Trokoundos tugged thoughtfully at his ear. "Majesty, I think that's a question better suited to the patriarch's wisdom, or that of an ecumenical synod, than to one who aspires to nothing more than competent wizardry."
"As you wish. In any case, it takes us off the track. You know the direction from which Harvas' spells will come, you say?"
"So I believe, your Majesty. This aids us to a point, but only to a point. Harvas' strength and skill must still be overcome.' The one, I have already seen, is formidable. As for the other, three centuries ago it sufficed to free him from a warded cell. He can only have refined it in all the years since. That he remains alive to torment us proves he has refined it."
"What shall we do, then?" Krispos asked. He'd hoped having a handle on Harvas would give the mages of Videssos the means to defeat him with minimal risk to themselves or to the Empire. But he'd long since found that things in the real world had a way of being less simple and less easy than in storytellers' tales. This looked like another lesson from that school.

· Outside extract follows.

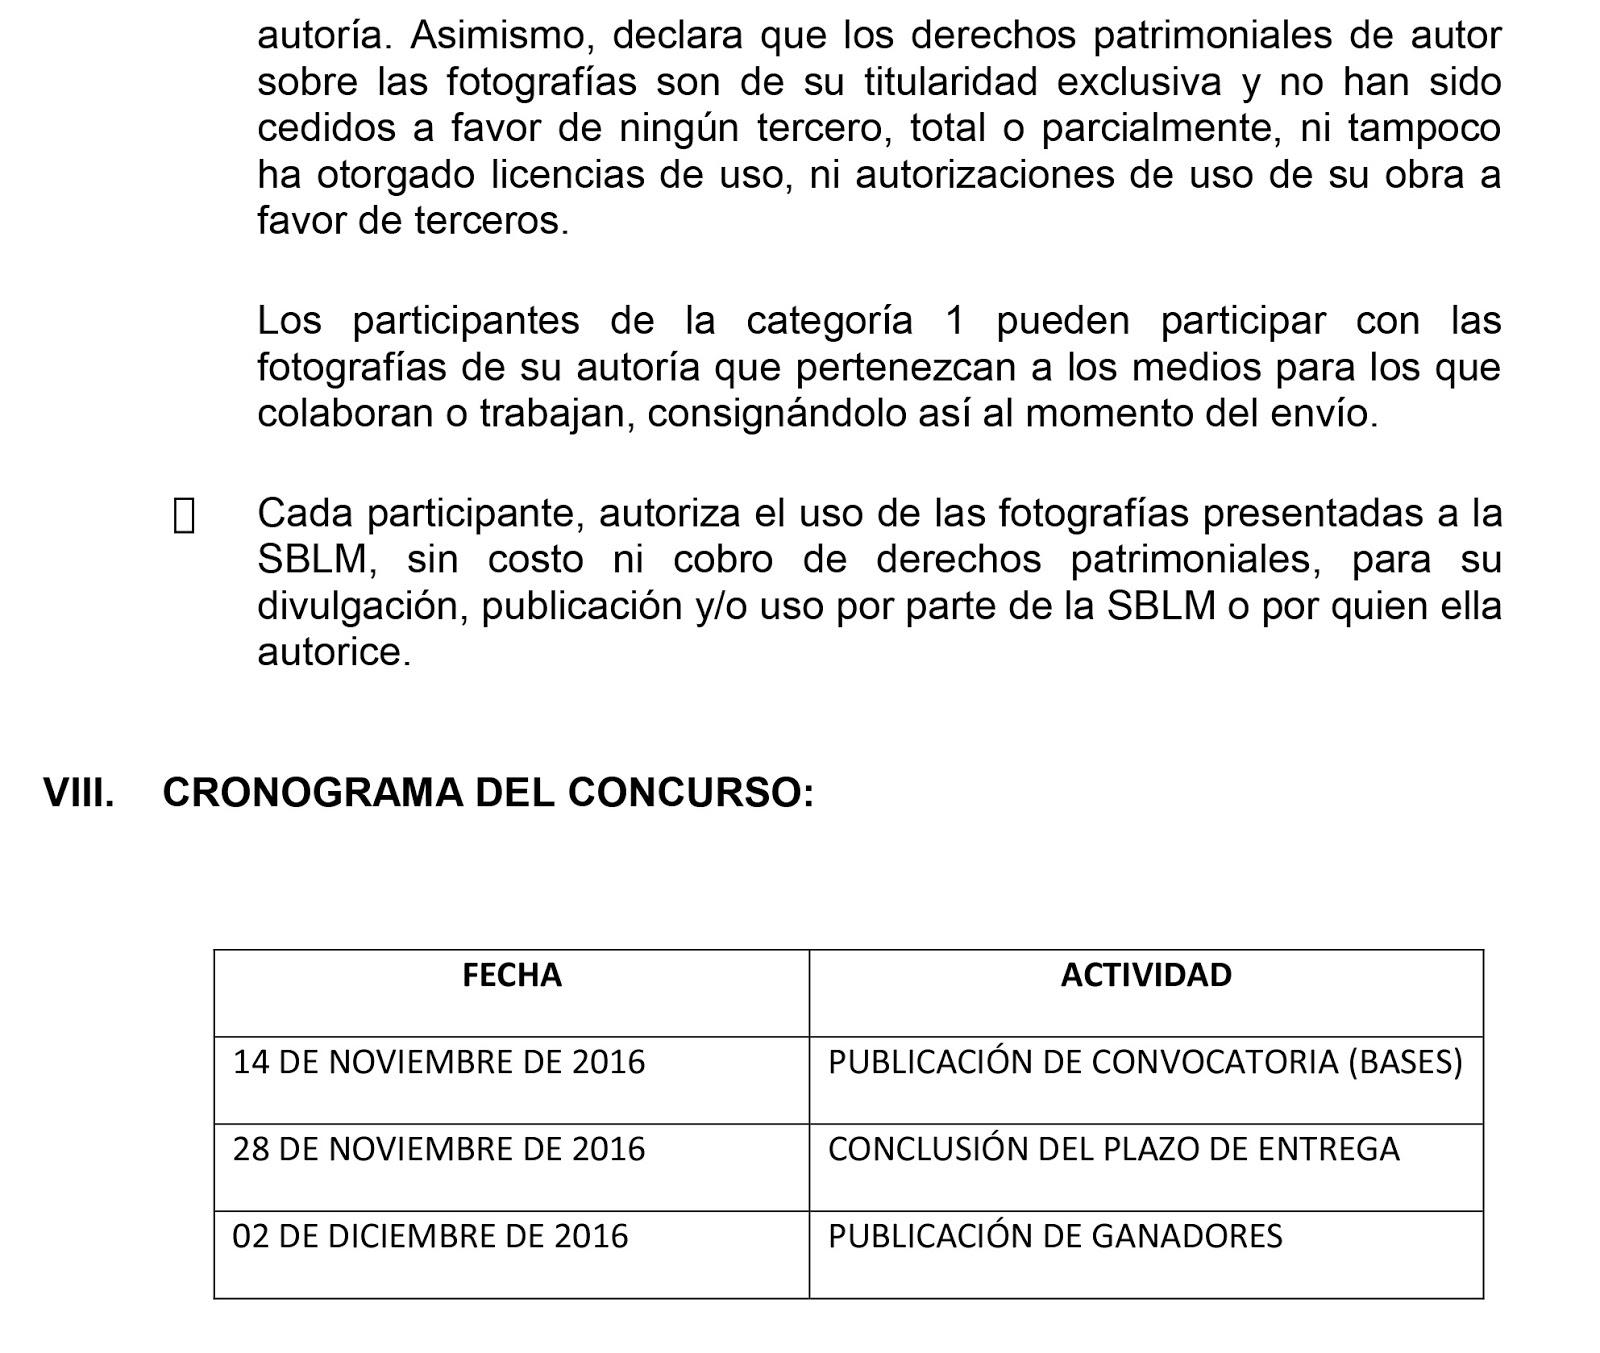 El taurino de lima convocatoria bases concurso de for Convocatoria concurso de docentes 2016

Trokoundos' words confirmed his own thoughts. "The best we can, your Majesty, and pray to the lord with the great and good mind that it be enough."
Bad weather settled in not long before Midwinter's Day. Blizzard after blizzard roared into Videssos the city from the northwest, off the Videssian Sea. On Midwinter's Day itself, the snow blew so hard and quick that even Krispos, with the best seat in ; the Amphitheater, made out little of the skits performed on the track before him. The people in the upper reaches of the huge oval stadium could have discerned only drifting white.

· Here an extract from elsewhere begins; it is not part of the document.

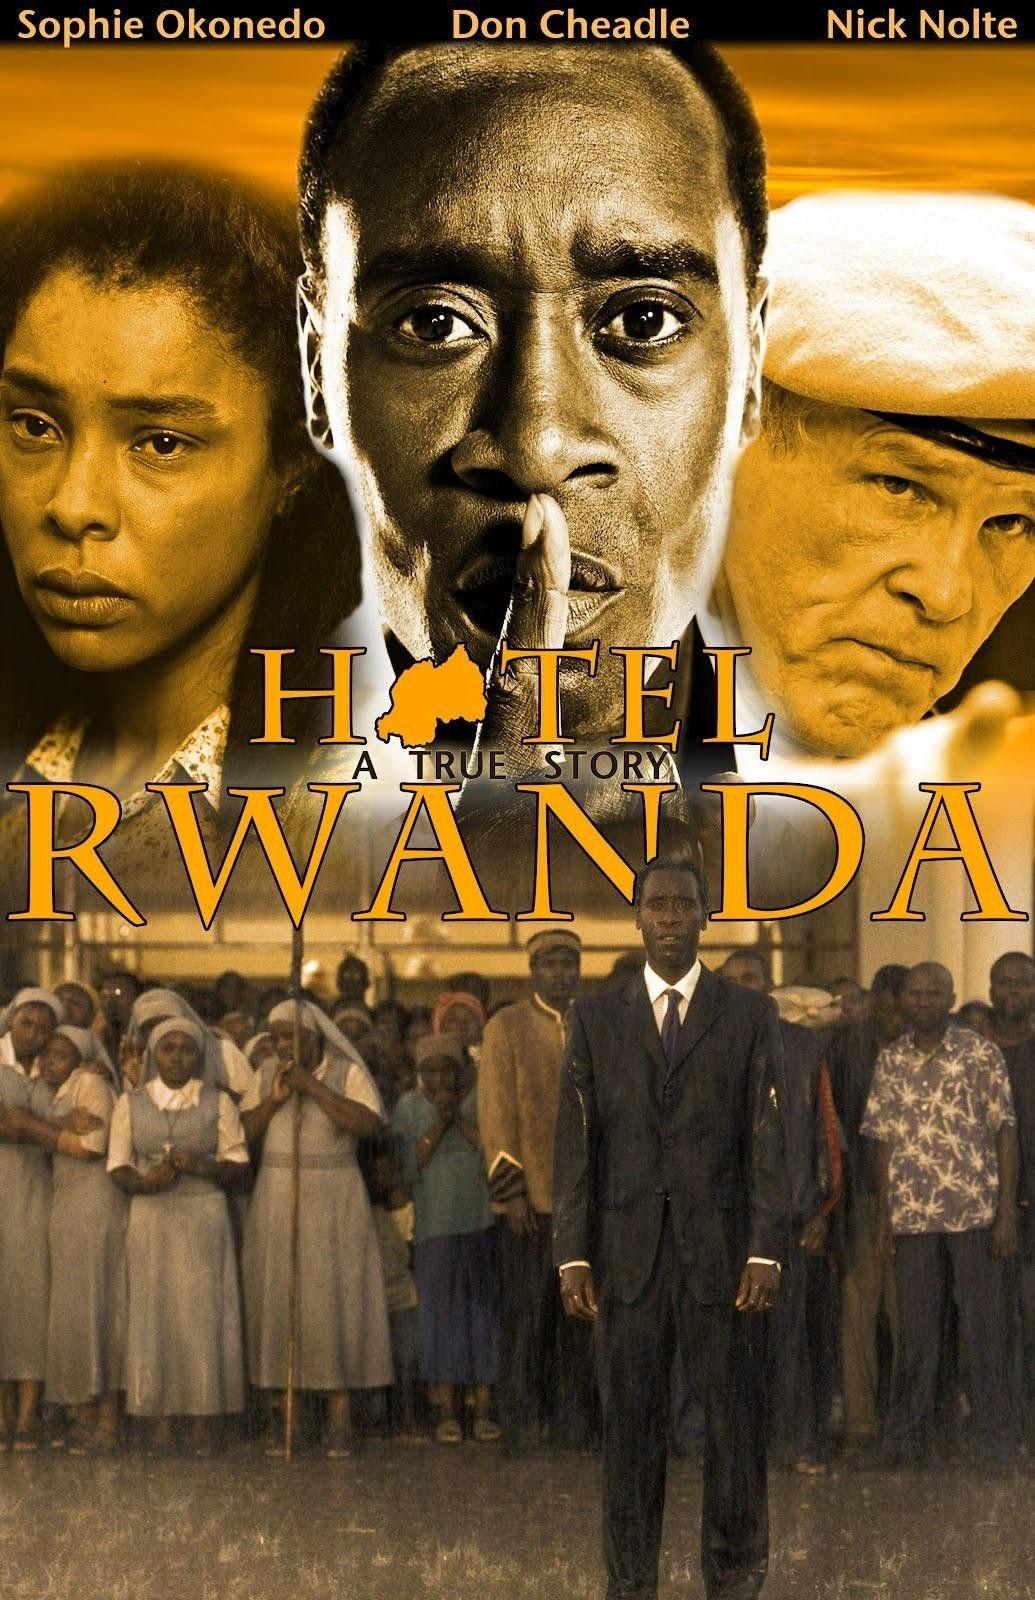 Hotel Rwanda 2005 - Terry George Movies & Moviestars

The final troupe of mimes changed its act at the last minute. They came out carrying canes and tapped their way through their routine, as if they'd all suddenly been stricken blind. On the spine of the Amphitheater, Krispos laughed loudly. So did many in his entourage, and in the first few rows of seats around the track. Everyone else must have wondered what was funny—which was just the point the mimes were making. Krispos laughed even more when he worked that out.
On the way back to the palaces after the show in the Amphitheater was done, he leaped over a bonfire to burn away misfortune for the coming year. That fire was but one of many that blazed each Midwinter's Day. This year, though, the good-luck bonfires brought misfortune with them. Whipped by winter gales, two got out of control and ignited nearby buildings.
Now Krispos saw through swirling snow the smudges of smoke he'd feared during the religious riots Pyrrhos had caused. The snow did little to slow the flames. Fire-fighting teams dashed through the city with hand pumps to shoot water from fountains and ponds, with axes and sledgehammers to knock down homes and shops to build firebreaks. Krispos had no great hope for them. When fire got loose, it usually pleased itself, not any man.
The teams amazed him. They succeeded in stopping one of the fires before it had eaten more than a block of buildings. The other blaze, by luck, had started near the city wall. It burned what it could, then came to the open space inside the barrier and died for lack of fuel.